REQUIRED WORK: Print the listing below verbatim, passing over each picture.

SOURCE MATERIAL:
******

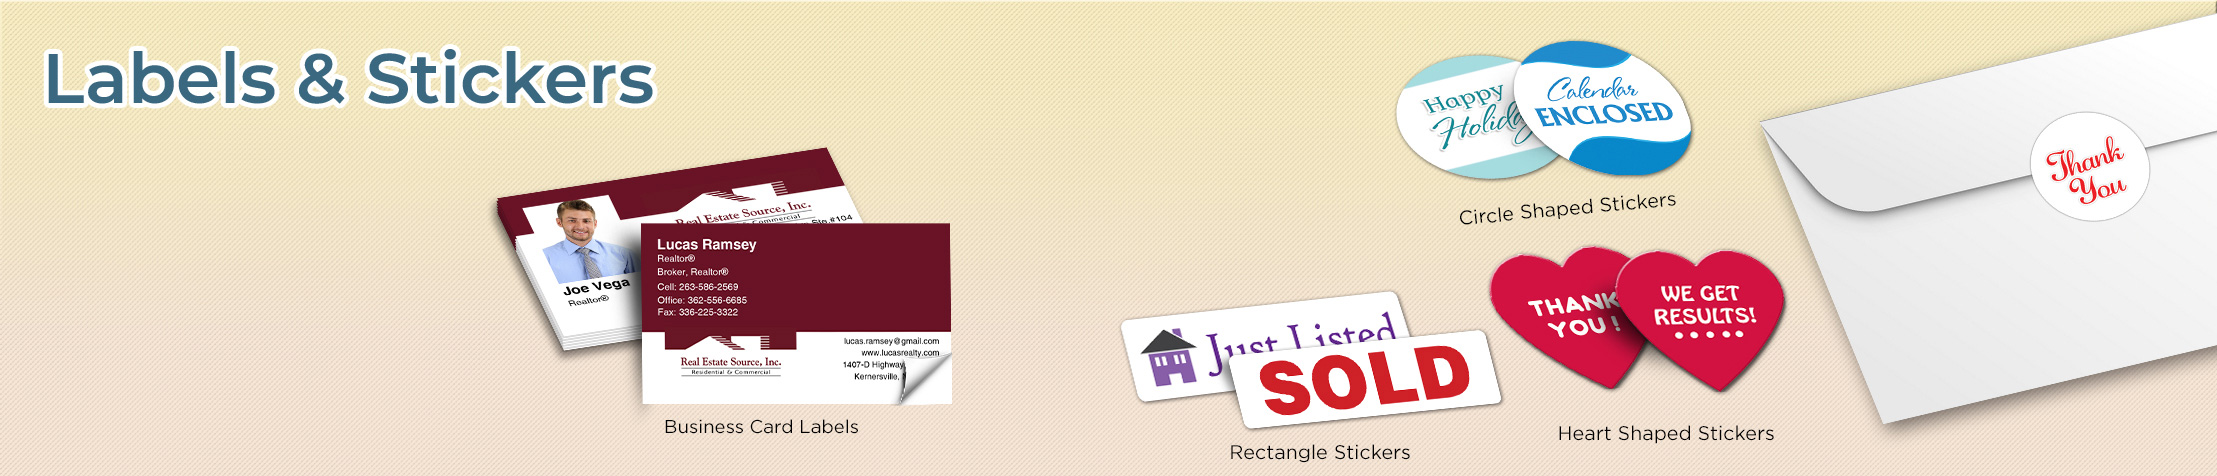 Real Estate Source Real Estate Labels and Stickers - Real Estate Source business card labels, return address labels, shipping labels, and assorted stickers | BestPrintBuy.com
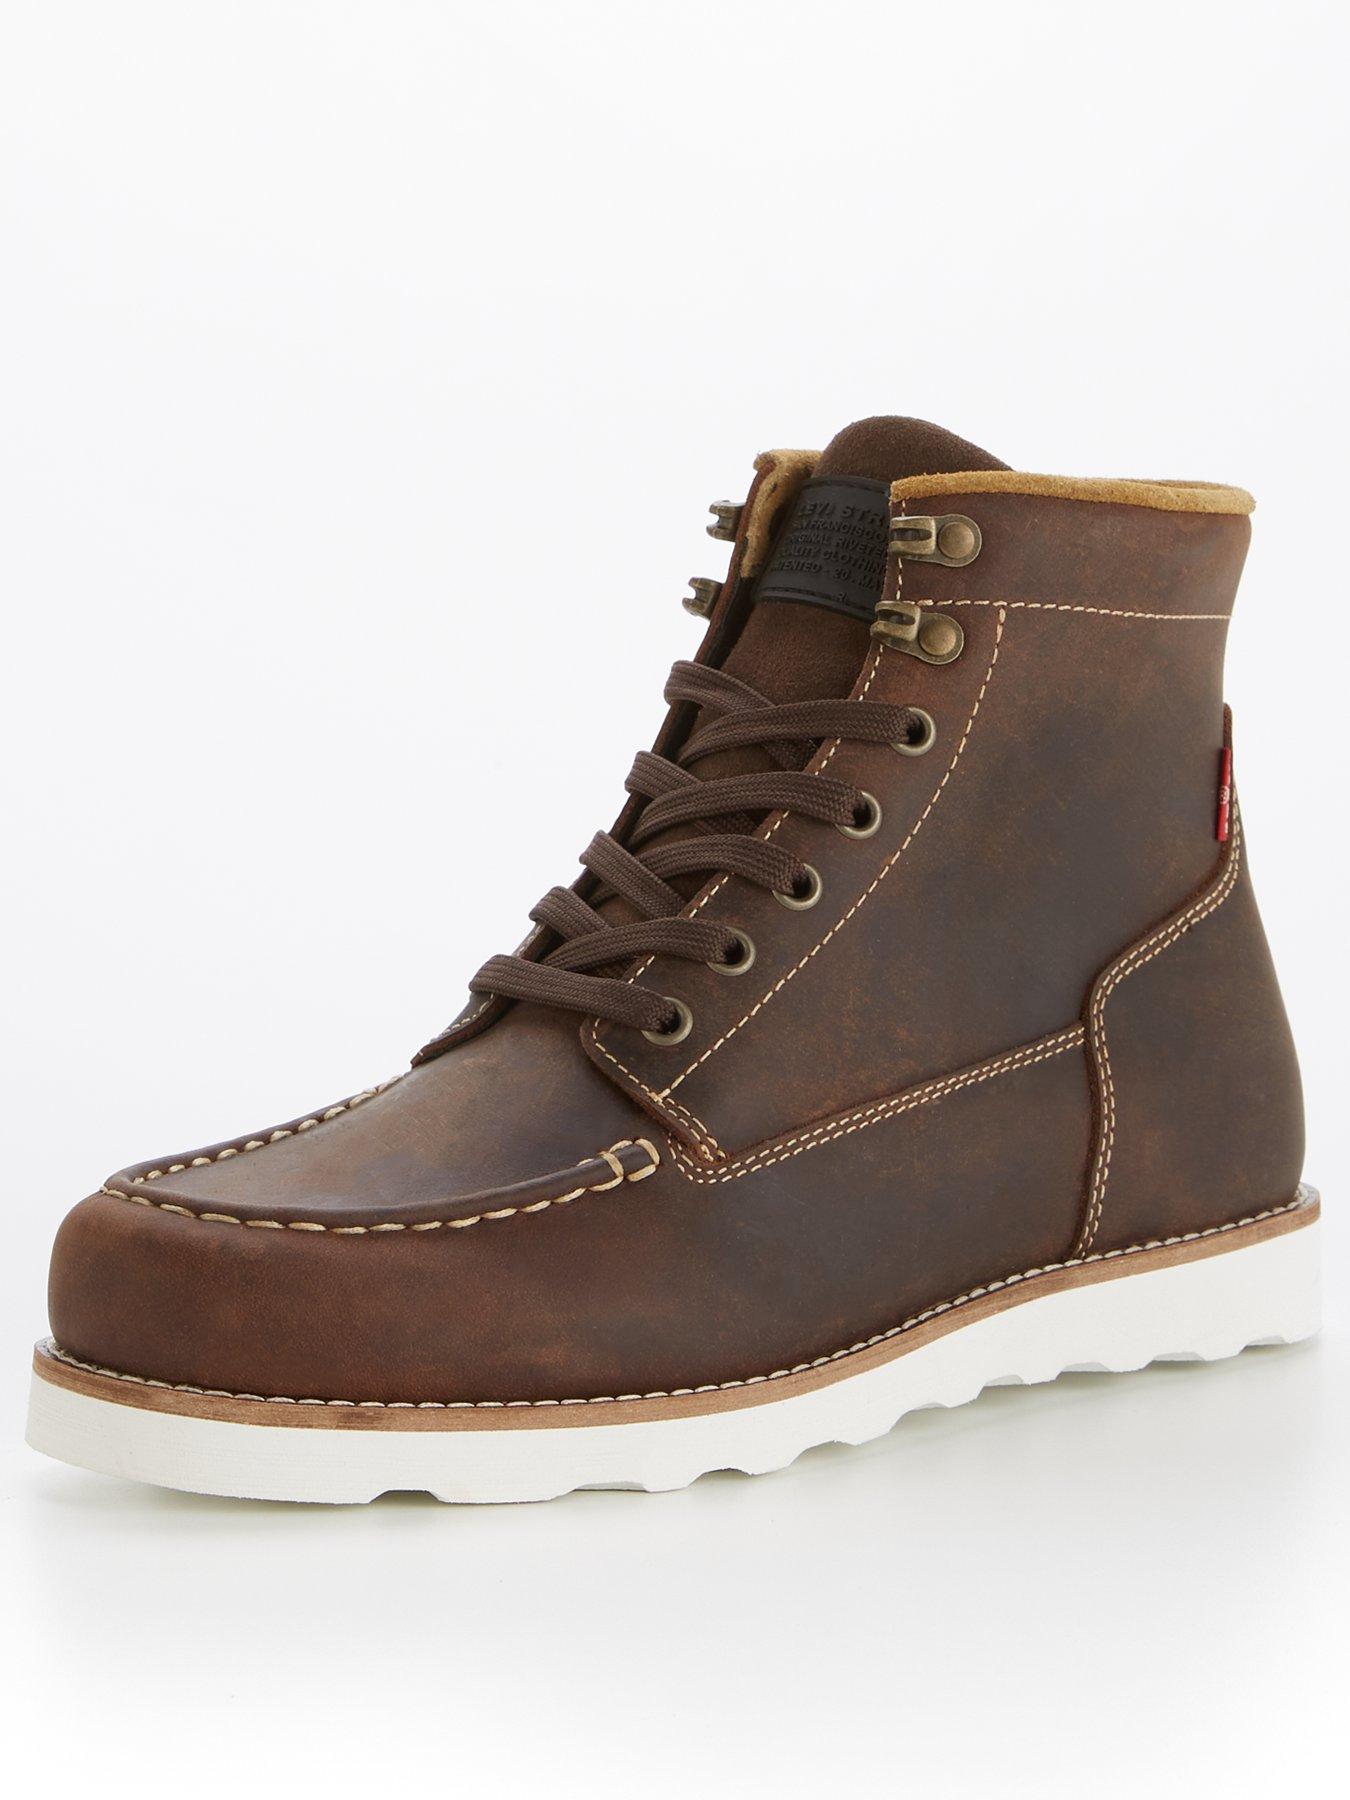 Levi's Darrow Mocc Leather Boots - Brown | very.co.uk
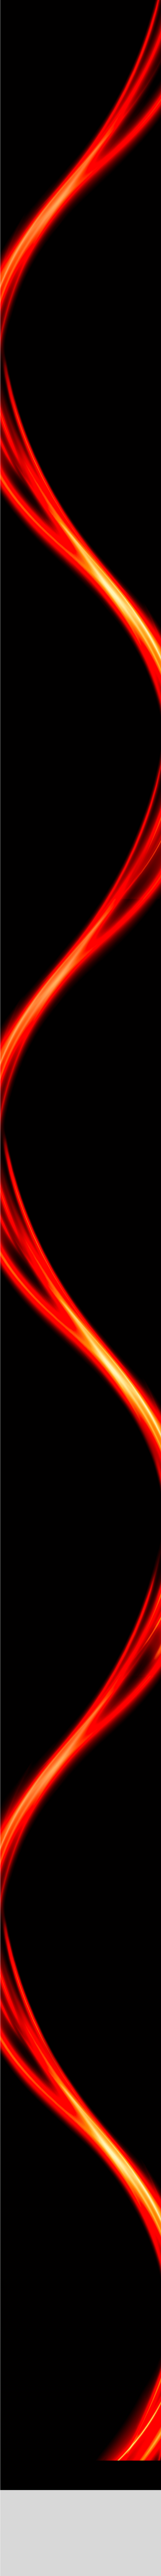 Black background with a red and yellow spiral light flare

******

RESPONSE FOR THIS EXERCISE:
 Real Estate Source Real Estate Labels and Stickers - Real Estate Source business card labels, return address labels, shipping labels, and assorted stickers | BestPrintBuy.com
 Levi's Darrow Mocc Leather Boots - Brown | very.co.uk
 Black background with a red and yellow spiral light flare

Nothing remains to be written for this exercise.